# Are Red cherry shrimp the best shrimp?



## Jpraud (Mar 25, 2016)

A lot of shrimps are the same species, but with different colors. You need to pay attention when you mix shrimps! Here's an interesting chart to avoid cross breeding.









However, the number of shrimp that you have in your aquarium is not a big deal, since shrimps pollute much less than fish! The 1 inch per gallons does not apply with shrimps until the community still reasonnable.

Jocelyn


----------



## bsherwood (Nov 22, 2007)

RC are the easiest to breed....they breed in hoof prints full of rain....but I get it, I have an RC tank and am thrilled to see a berried female...
don't mix and match...they all turn to poo

follow the chart


----------



## SpaceLord (Feb 29, 2016)

Jpraud said:


> A lot of shrimps are the same species, but with different colors. You need to pay attention when you mix shrimps! Here's an interesting chart to avoid cross breeding.
> 
> 
> 
> ...


That is a great chart! I have never seen anything like that before. 

So if the 2 shrimp have a green check mark, they will not cross breed? 

So you can get a lot of different types of shrimp in your tank as long as you follow this chart? 

Thanks.


----------



## r45t4m4n (Feb 12, 2014)

some require different water parameters.


----------



## WaterLife (Jul 1, 2015)

Yeah the green check marks mean the two shrimp can be kept together without interbreeding.
Red x means the two shrimp with interbreed.

Neocaridinas will interbreed with Neocaridinas. When Neos interbreed with other color Neos, the offspring most often end up as brown/wild colored, which is not appealing to most. So when keeping Neos, it's best to just stick with one color.

Caridinas will interbreed with Caridinas (most of the thought of common ones to clarify). With Caridinas, breeding them with other color Caridinas is different, the offspring don't end up look like wilds, they can actually produce some cool looking patterns, but those patterns won't be a stable line so they won't breed true.

As mentioned, research the shrimp as they can have different water parameter requirements.

Don't worry about the shrimp population growing too large. Once the shrimp population becomes really large, the neons and white clouds will pick off new born shrimplets if they have no where to hide.

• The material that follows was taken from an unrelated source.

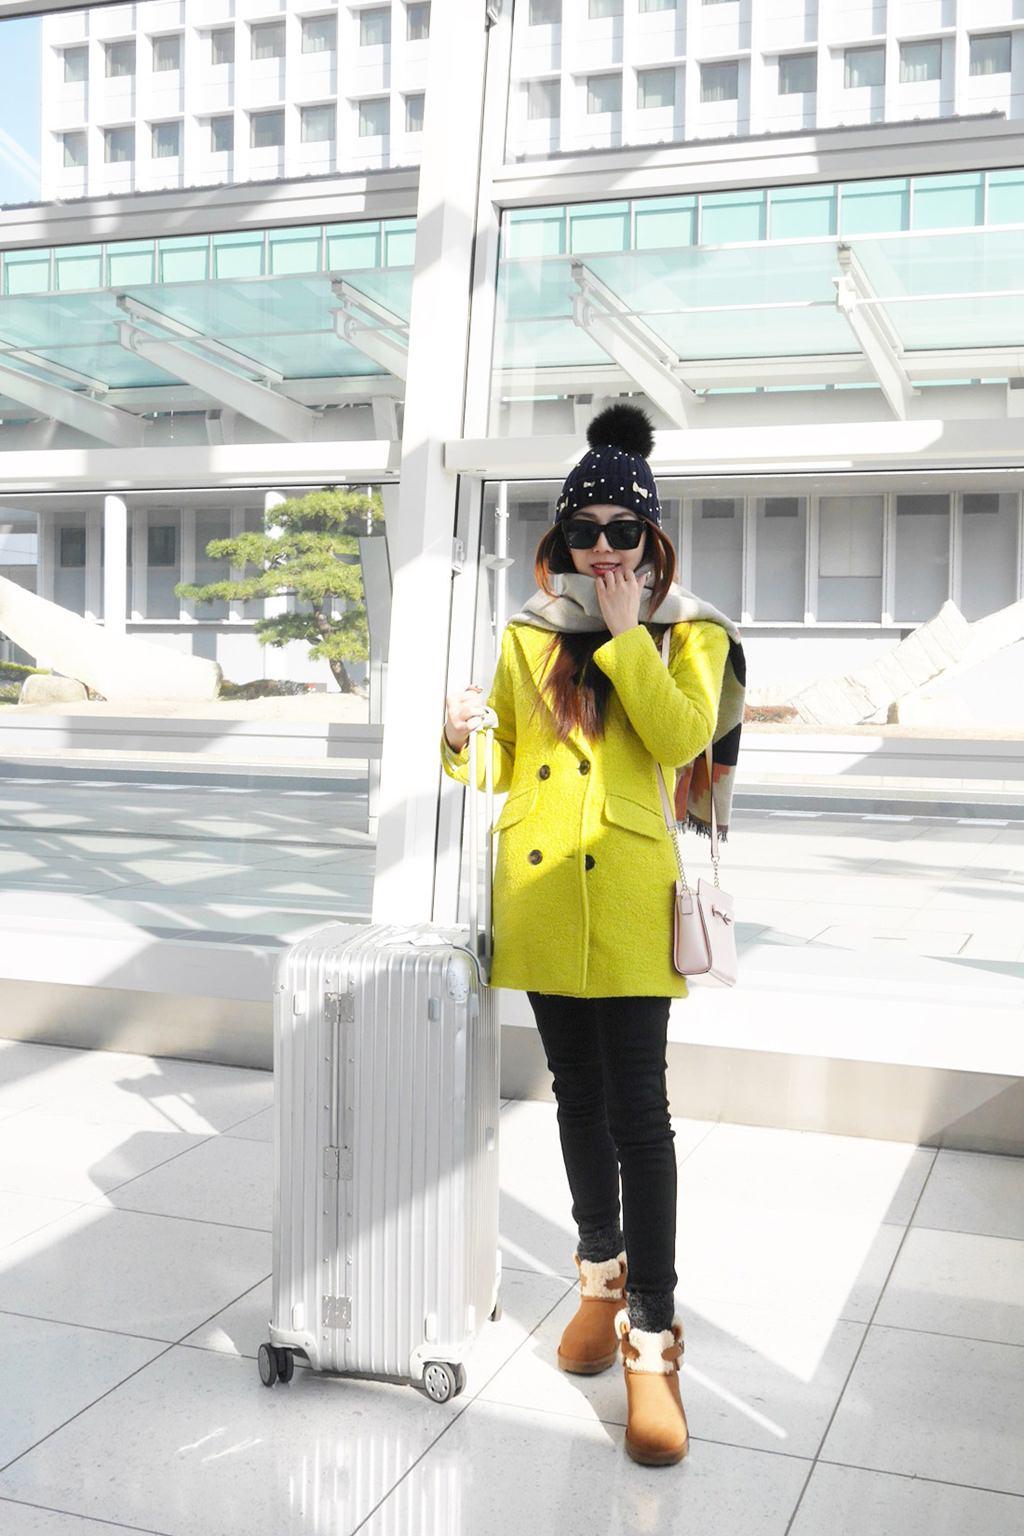 日本旅遊,冬季旅遊行前準備,雪地穿搭,日本東北旅行,保暖穿搭,550

Or you could get a bit larger predator later (one that isn't big enough to kill adult shrimp, but large enough to eat baby shrimp). Also mentioned, shrimps have a very little bioload factor, so they aren't much to worry about. You can always sell some shrimp every so often when you think there are too many.

There are quite a few Neocaridina/Caridina shrimp compatibility charts out there
https://www.google.com/search?q=neo...KEwij55XM89vLAhVJ4mMKHSzxDKwQ_AUIBigB#imgrc=_


----------



## RWaters (Nov 12, 2003)

I also think you should be cautious about Ghost Shrimp. They're on the chart with all green checks but they can be aggressive and will eat smaller shrimp. I wouldn't add them to any tank except maybe as food for larger fish.


----------



## maylee (Feb 26, 2015)

I would check to see what your water parameters are like first. pH, gH, kH

Then we can see what other type of shrimp you can put in there with the RCS. Typically though, the ones that can live in similar water parameters as RCS and will not inter-breed with them are tiger shrimp and some harder to find ones like babaultis 

You can also maybe look into larger shrimp types like mountain fan or vampire shrimp. They're both filter feeders but won't breed in the tank.


----------



## fishophile (Feb 6, 2012)

Would you mind uploading a picture of the tank? I've thought about doing this with my 55, but worry it may not have enough going on. i'm also unsure how they would fare with co2 and ferts.


----------